— TASK DIRECTIONS —
Without the images, print every line of the material below exactly as given.

— DATA EXCERPT —

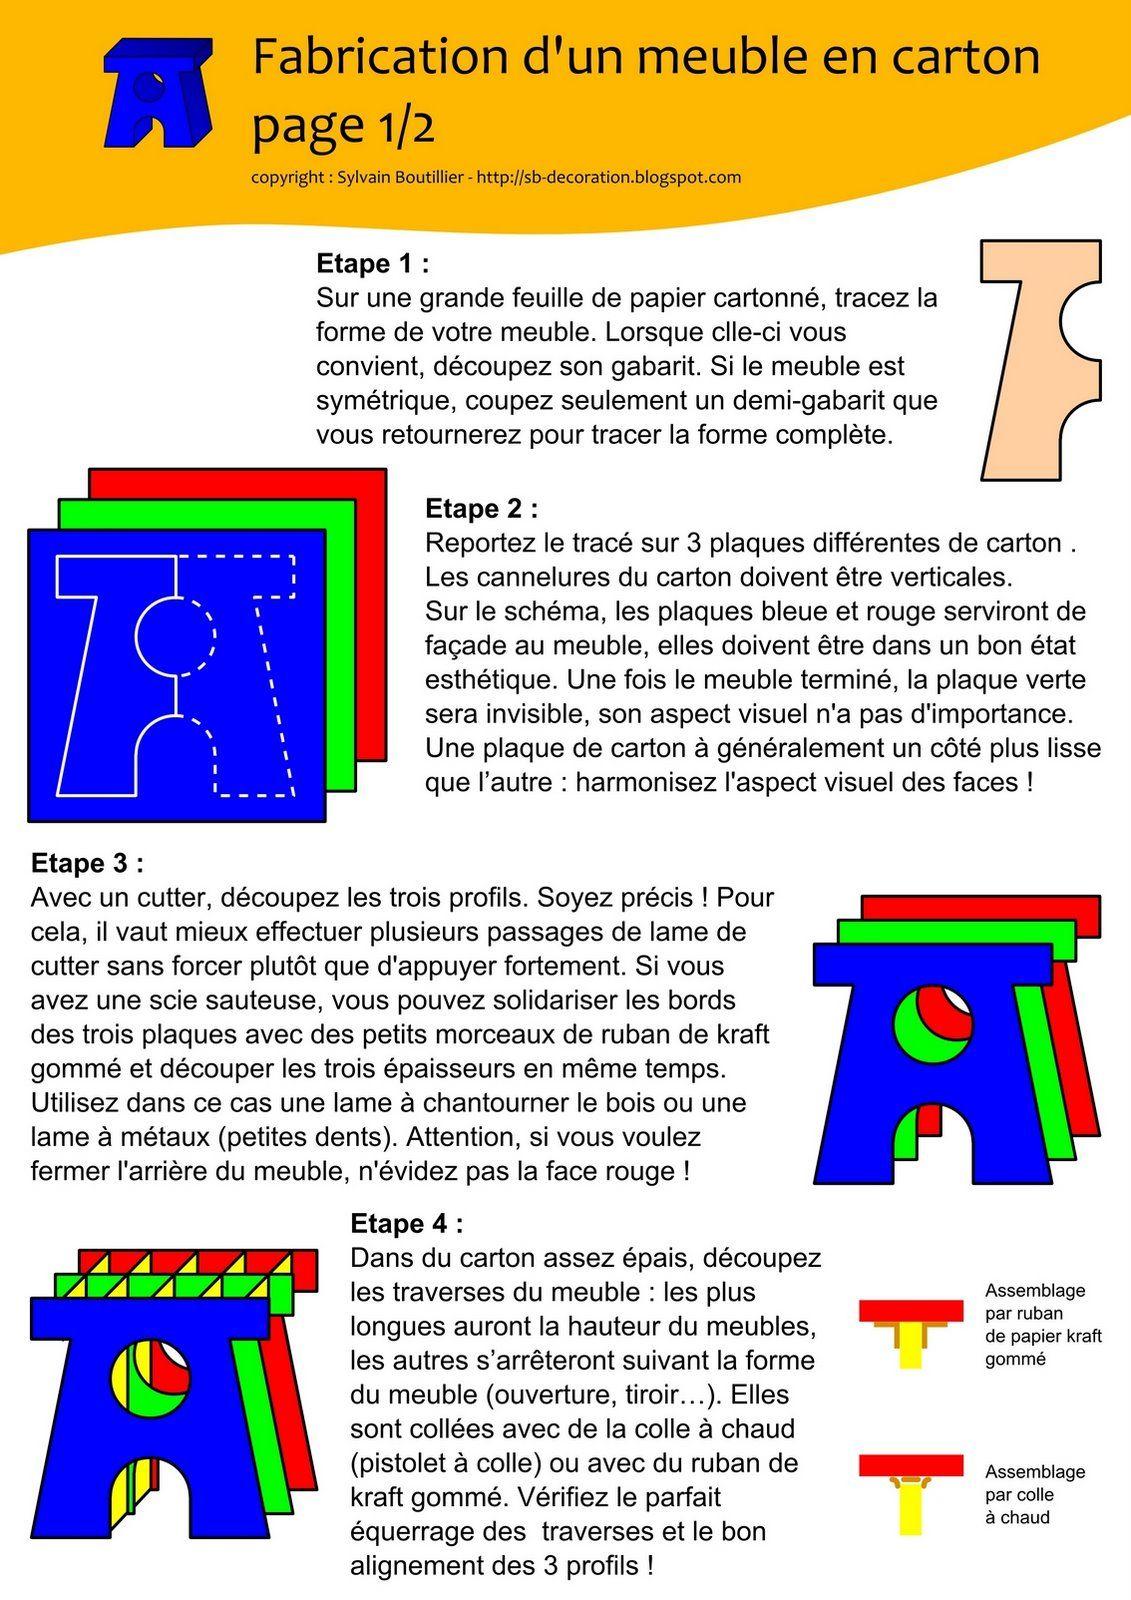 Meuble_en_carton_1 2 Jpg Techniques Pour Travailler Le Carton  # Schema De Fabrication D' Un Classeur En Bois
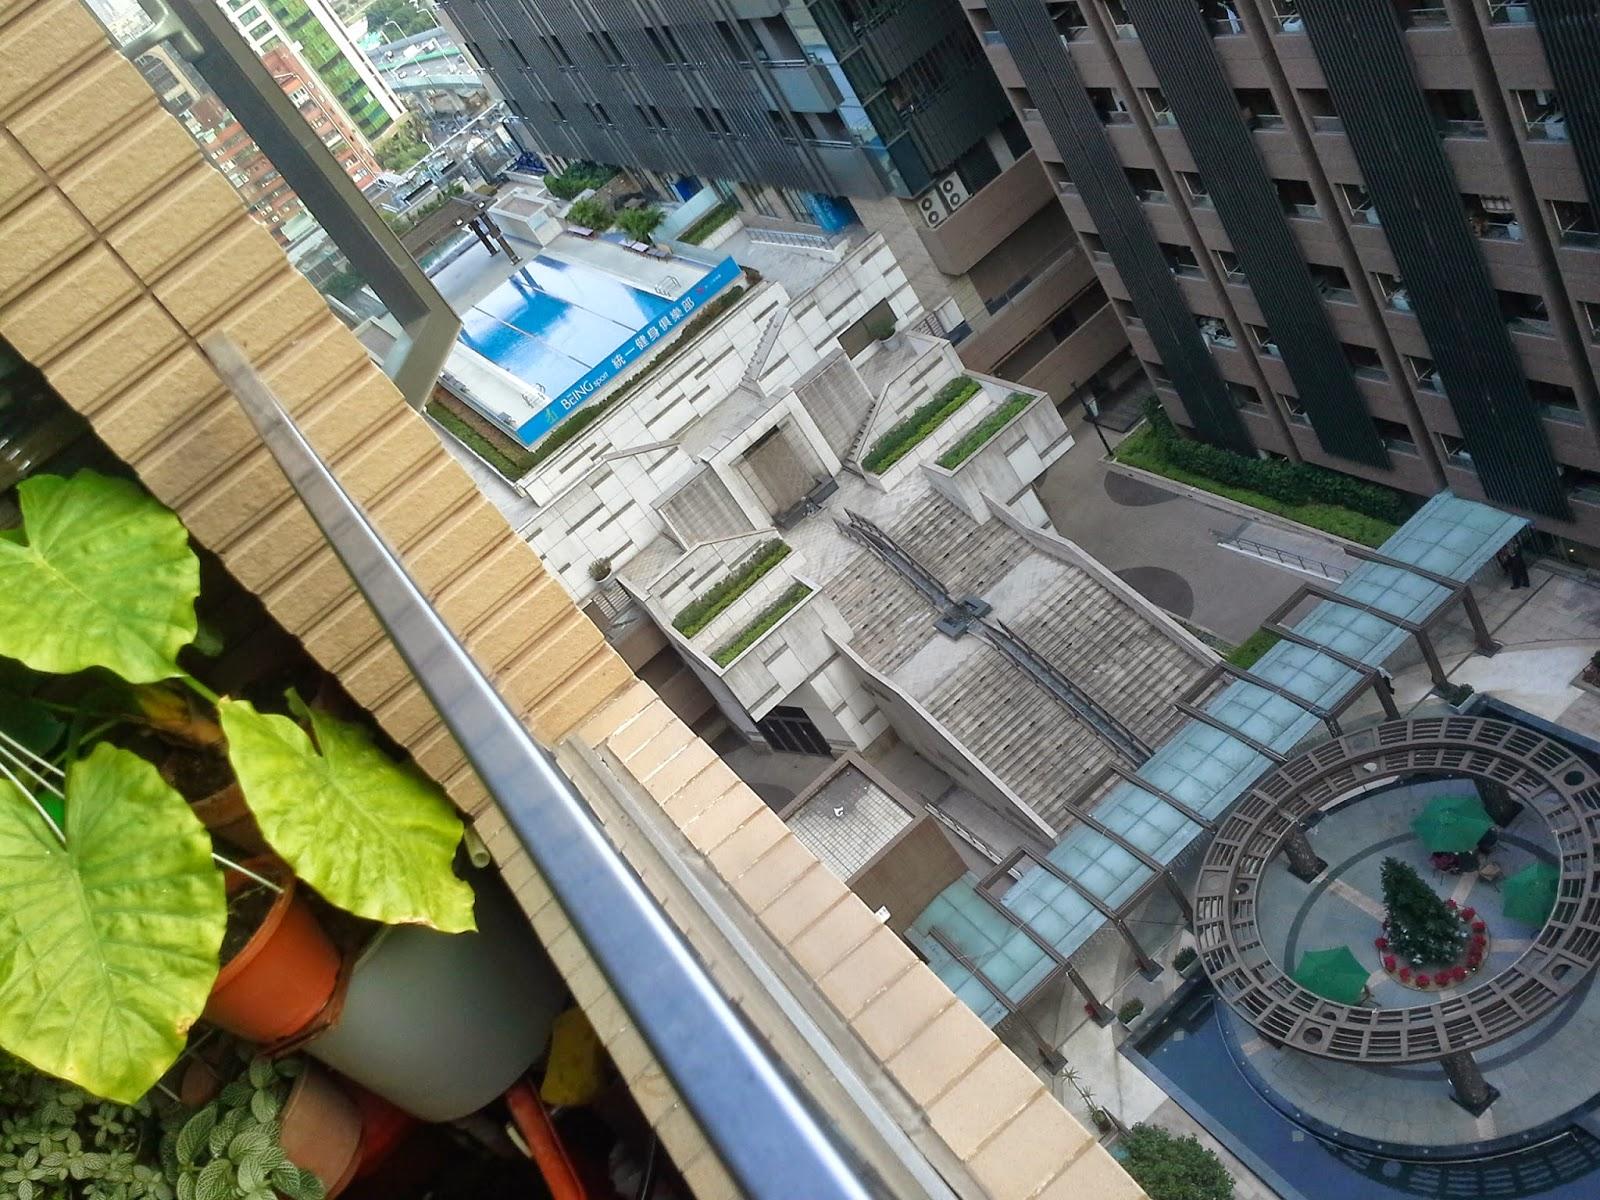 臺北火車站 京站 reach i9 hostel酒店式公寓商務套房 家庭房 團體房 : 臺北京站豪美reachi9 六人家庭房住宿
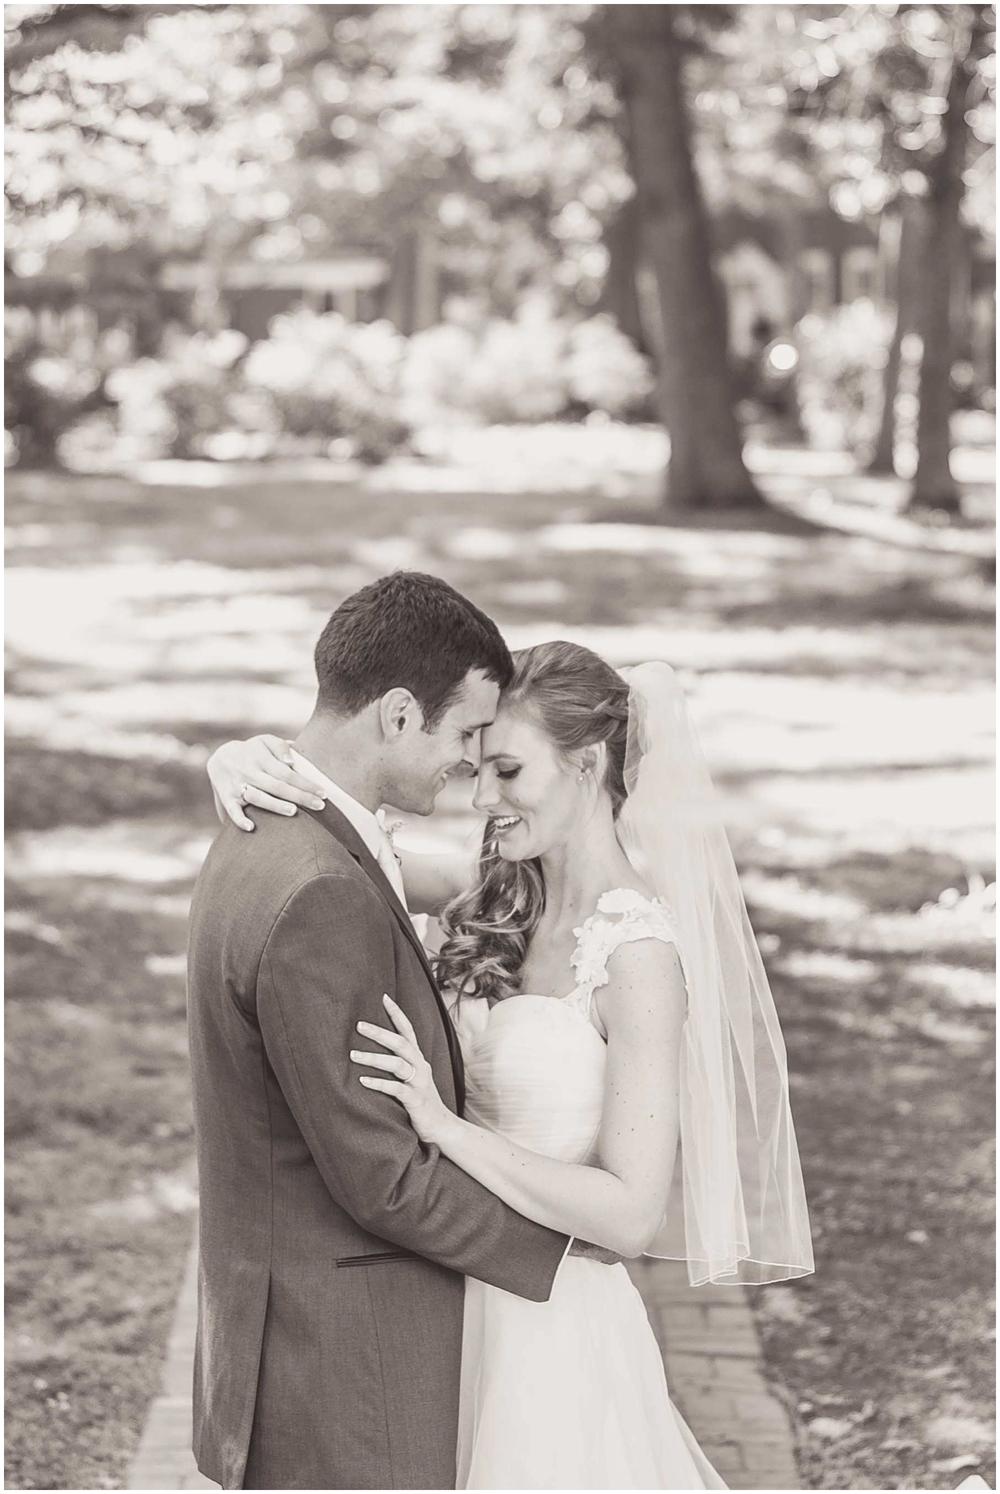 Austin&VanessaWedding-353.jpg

— YOUR RESPONSE —
 Meuble_en_carton_1 2 Jpg Techniques Pour Travailler Le Carton  # Schema De Fabrication D' Un Classeur En Bois
 臺北火車站 京站 reach i9 hostel酒店式公寓商務套房 家庭房 團體房 : 臺北京站豪美reachi9 六人家庭房住宿
 Austin&VanessaWedding-353.jpg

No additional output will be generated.